And, just like that, I left, unable to go on with the school day. Once again. Just like before.

**xoxo, B.**


	18. Close Encounters

Edward POV

To say I was surprised to see Bella sitting at our table is an understatement.

And the fact that she was sitting with none other than Rosalie was even more bewildering.

Rosalie wasn't nice to anyone with the exception of Emmett and Jasper. Not that she doesn't get bitchy with them too, but they also have the "privilege" to see her good side.

More than anything, Rosalie never talked to girls.

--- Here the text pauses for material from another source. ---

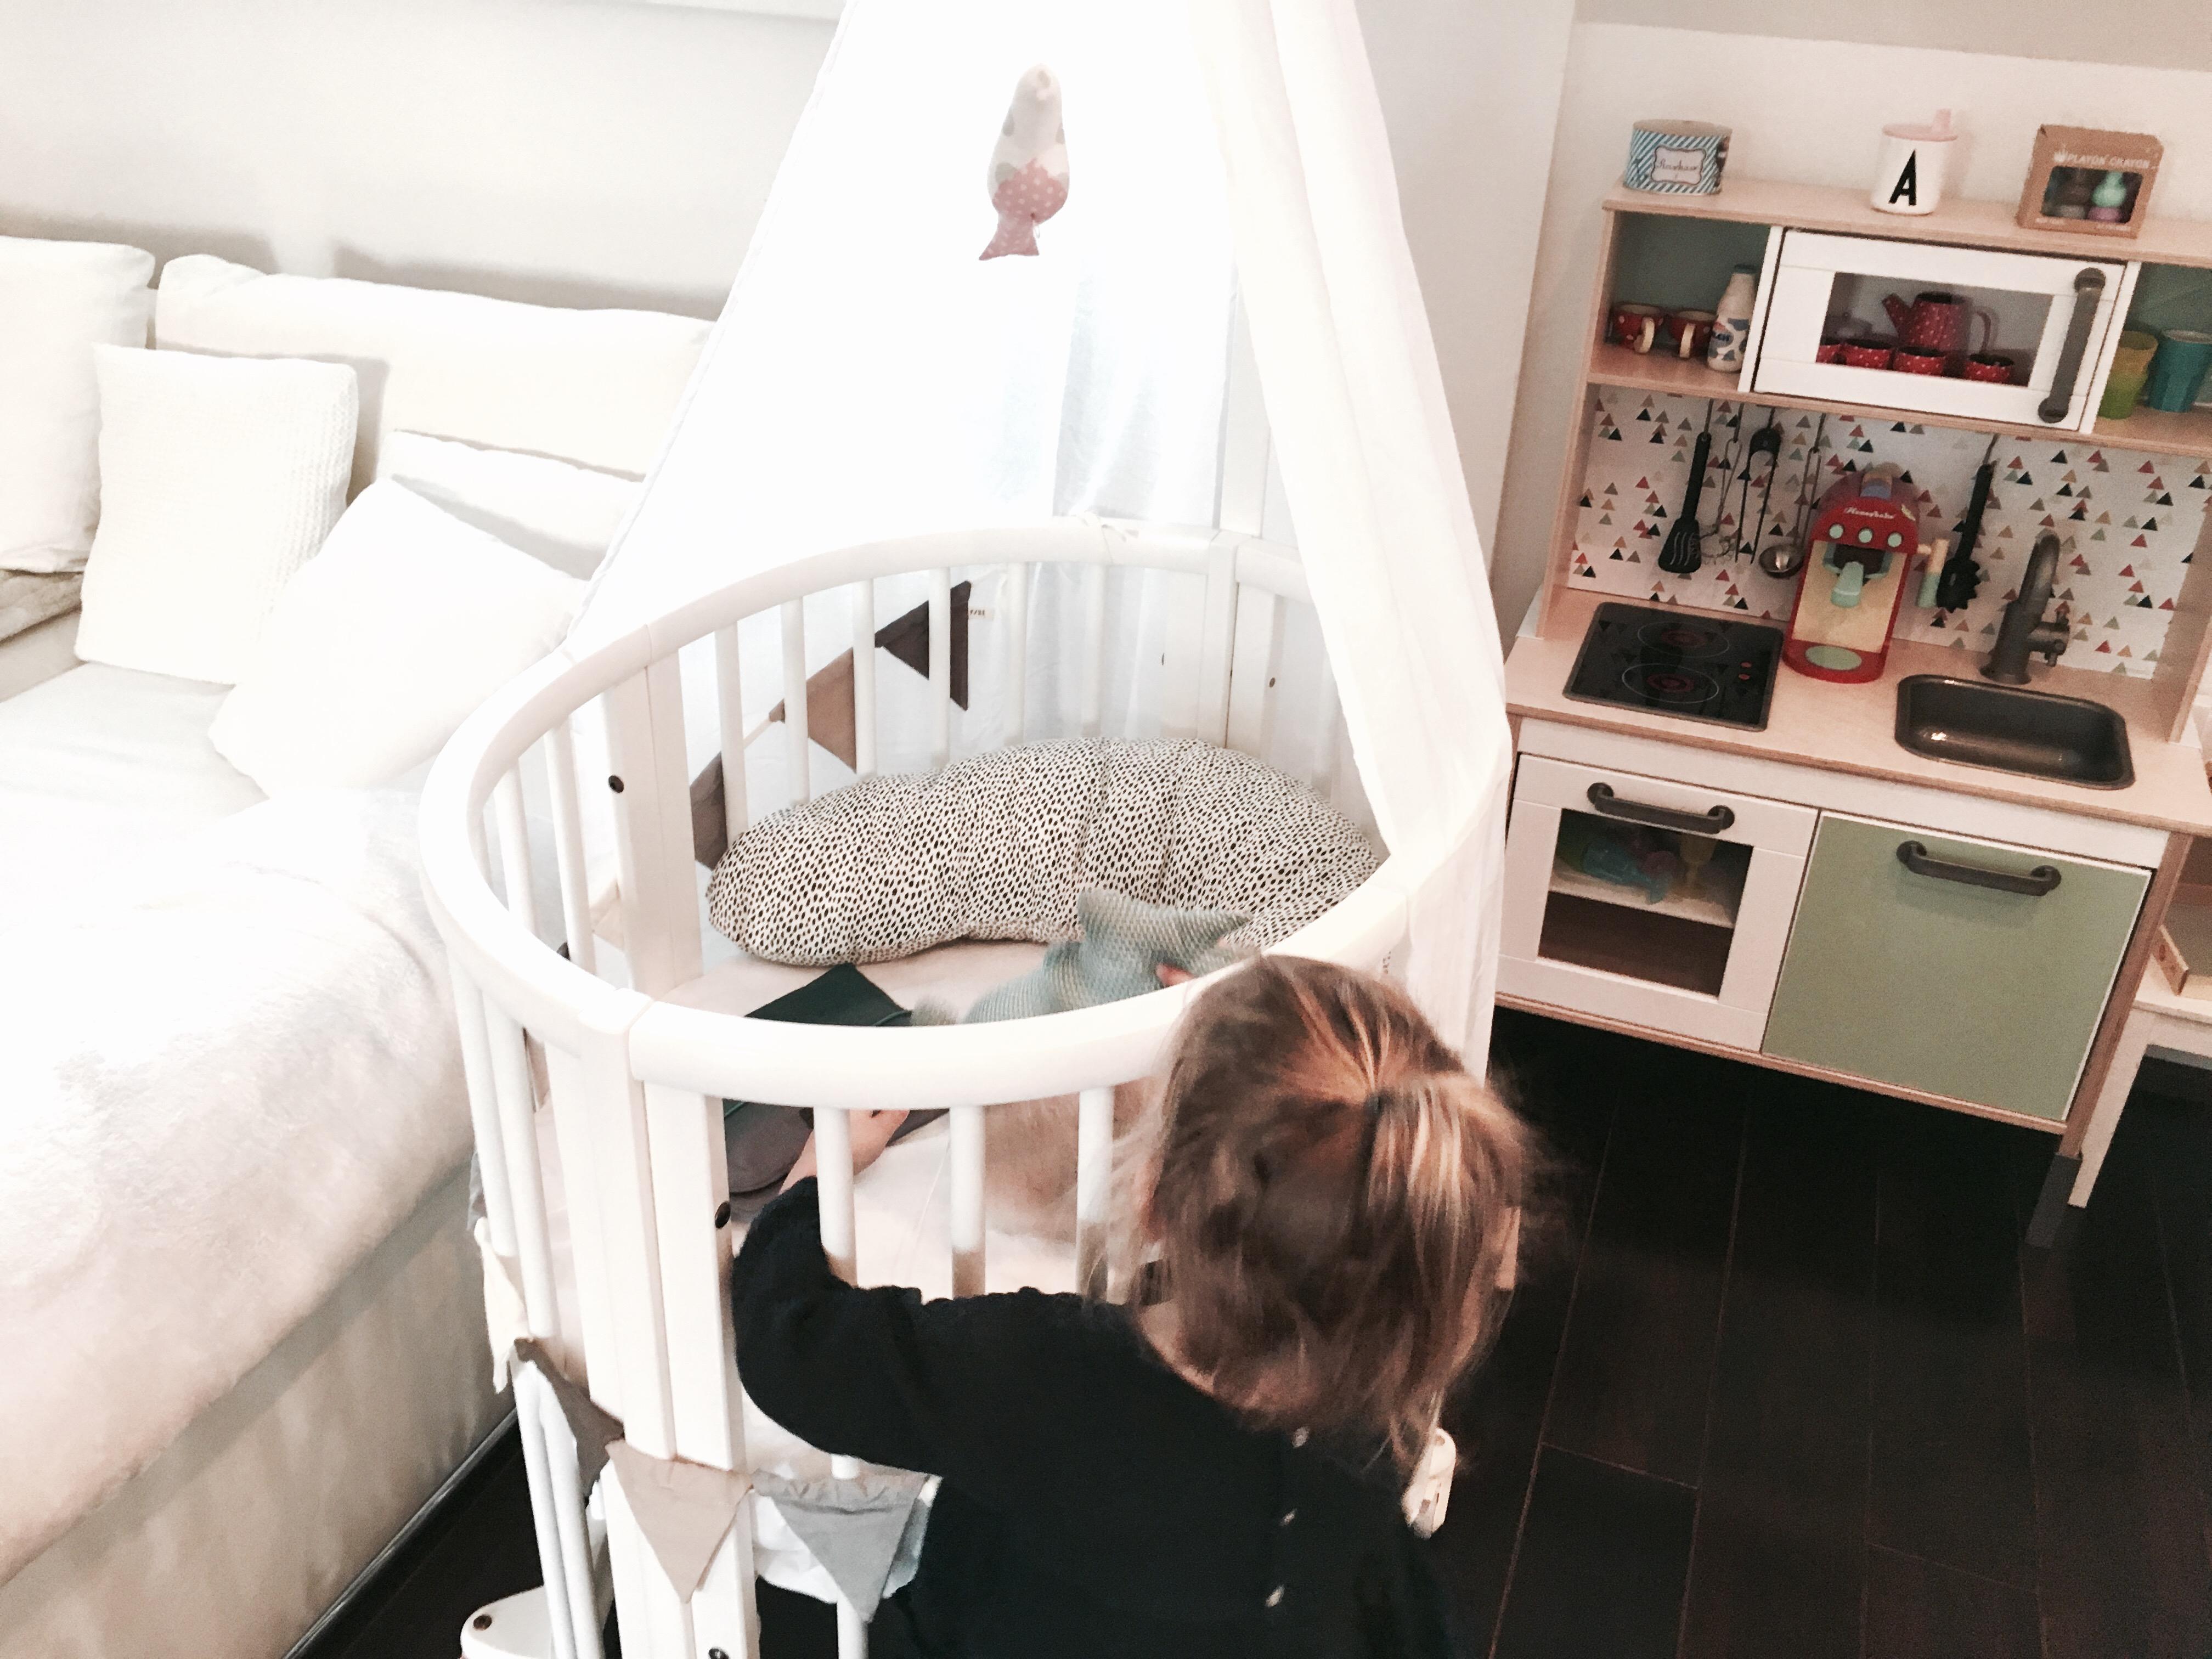 Kinderbett stubenwagen oder beistellbett sorgen für guten schlaf

She was the most cold, uptight bitch I knew and she was that way towards everyone—especially Lauren Mallory and Jessica Stanley.

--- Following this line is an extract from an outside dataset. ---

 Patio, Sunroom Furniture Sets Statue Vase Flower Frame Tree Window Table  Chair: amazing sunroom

Not sticking up for Lauren, though. I hate that bitch. Jessica, on the other hand, didn't really enjoy the cold treatment from Rosalie. Sure, she's extremely annoying, but she's always been a pretty nice person to everyone.

And Bella never talked to anyone either. Even though I'd seen her with some short chick a couple times this year.

Rosalie and Bella were talking like they'd known each other forever. Whenever Bella would feel uncomfortable, it was Rosalie who would comfort her and give her a reassuring smile. It was so confusing.

What even got me even more is when Bella laughed at Emmett and Rosalie's irritating couple arguing nonsense that they did every fucking day.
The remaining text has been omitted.